Emily Aumann

Whatever led you to where you are, Emily honors your path and believes you can find your way home with the care and support that you need. She is committed to cultivating collaborative therapeutic relationships rooted in honesty and shared humanity. Her goal is to meet you where you are and walk with you towards the change you want in your life. She strives to listen deeply and weave pragmatic tools, information, and reflection. Together she believes we can tend a space of care and curiosity to integrate difficult experiences. She is particularly attuned to working with experiences of chronic pain/symptoms, trauma, loss and grief, high sensitivity, and LGBTQ+ identities.
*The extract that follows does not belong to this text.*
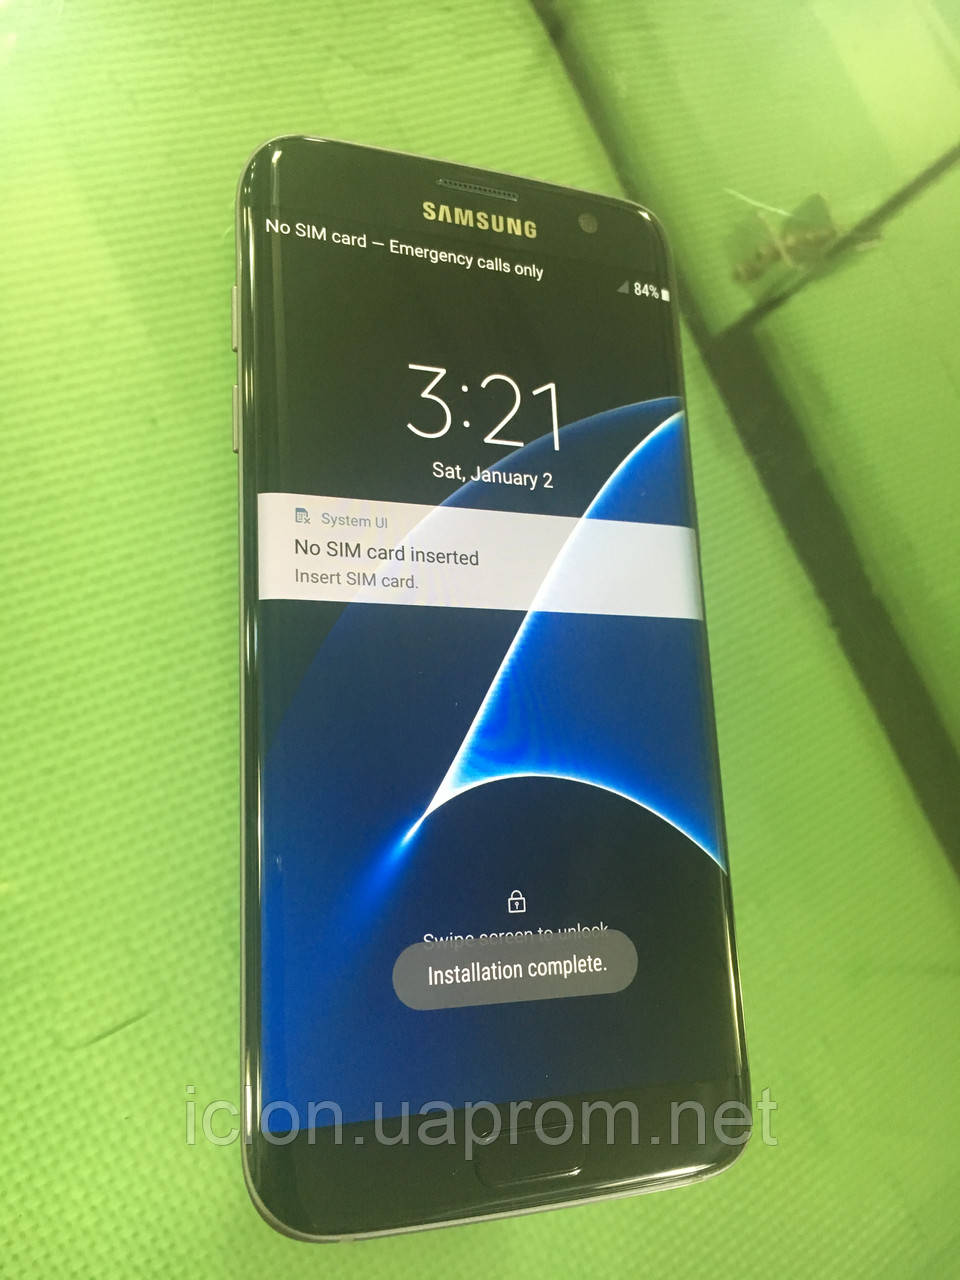 "Оригинал Samsung Galaxy S7/ S7 Edge 5.1""/5.5"" Snapdragon 820* 4Gb RAM+32/64Gb замена Xiaomi mi5, xiaomi mi6"

Emily’s approach to therapy is somatic, systemic, and relational. She understands that mental, emotional, physical, and spiritual health are not separate, and individual and collective wellbeing are deeply intertwined. Personal experience unraveling chronic pain combined with an awe of the human body and brain stokes her fire to share this work with others. She is interested in what possibilities arise when we center the body in our healing. Emily recognizes social, cultural, economic, and political contexts as layers of the complex being that is you. Emily’s trauma-aware theoretical lens is influenced by polyvagal theory, somatic parts work, relational, attachment, and pain recovery models. She combines a liberation health framework with what she knows about human nervous systems to practice healing as a relational art.
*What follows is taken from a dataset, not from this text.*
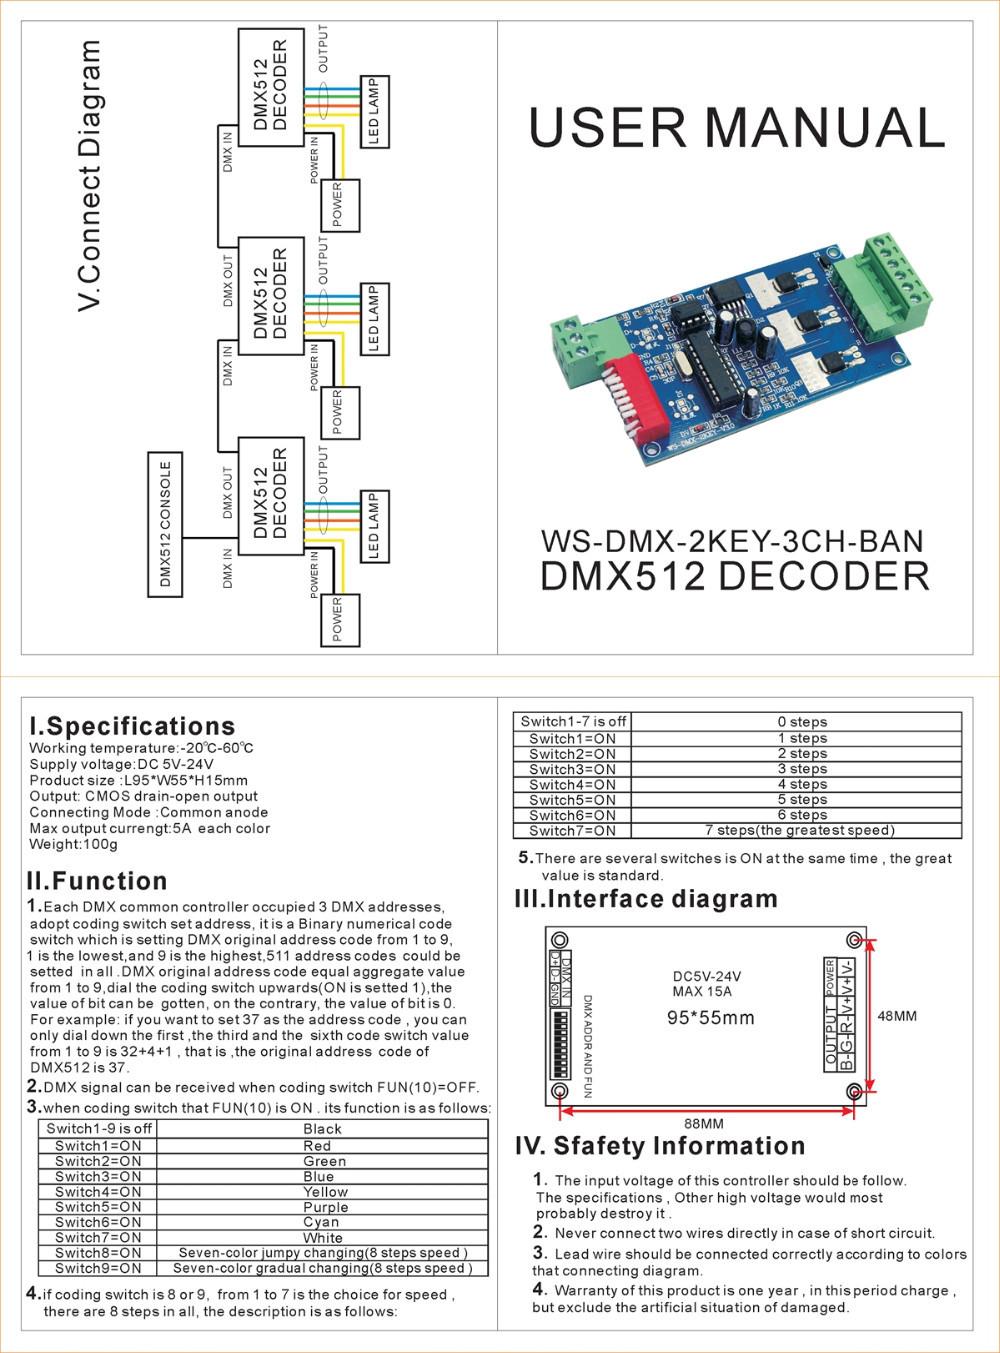 New_DMX_Controllers_WSDMX_2KEY_3CH_BAN_1

Emily is in her final year of graduate studies in PSU’s Social Work program. Before starting graduate school, she worked with plants and people in numerous roles. Alongside this work, she enjoys tending the garden, creating in the kitchen, making/listening to music, befriending animals, and adventuring outside. She finds deep healing in connection with land and seasonal cycles. As an intern with Connections First, Emily practices under the clinical supervision of Daphna Peterson, LCSW, daphna@connectionsfirst.org. She adheres to the National Association of Social Workers (NASW) Code of Ethics.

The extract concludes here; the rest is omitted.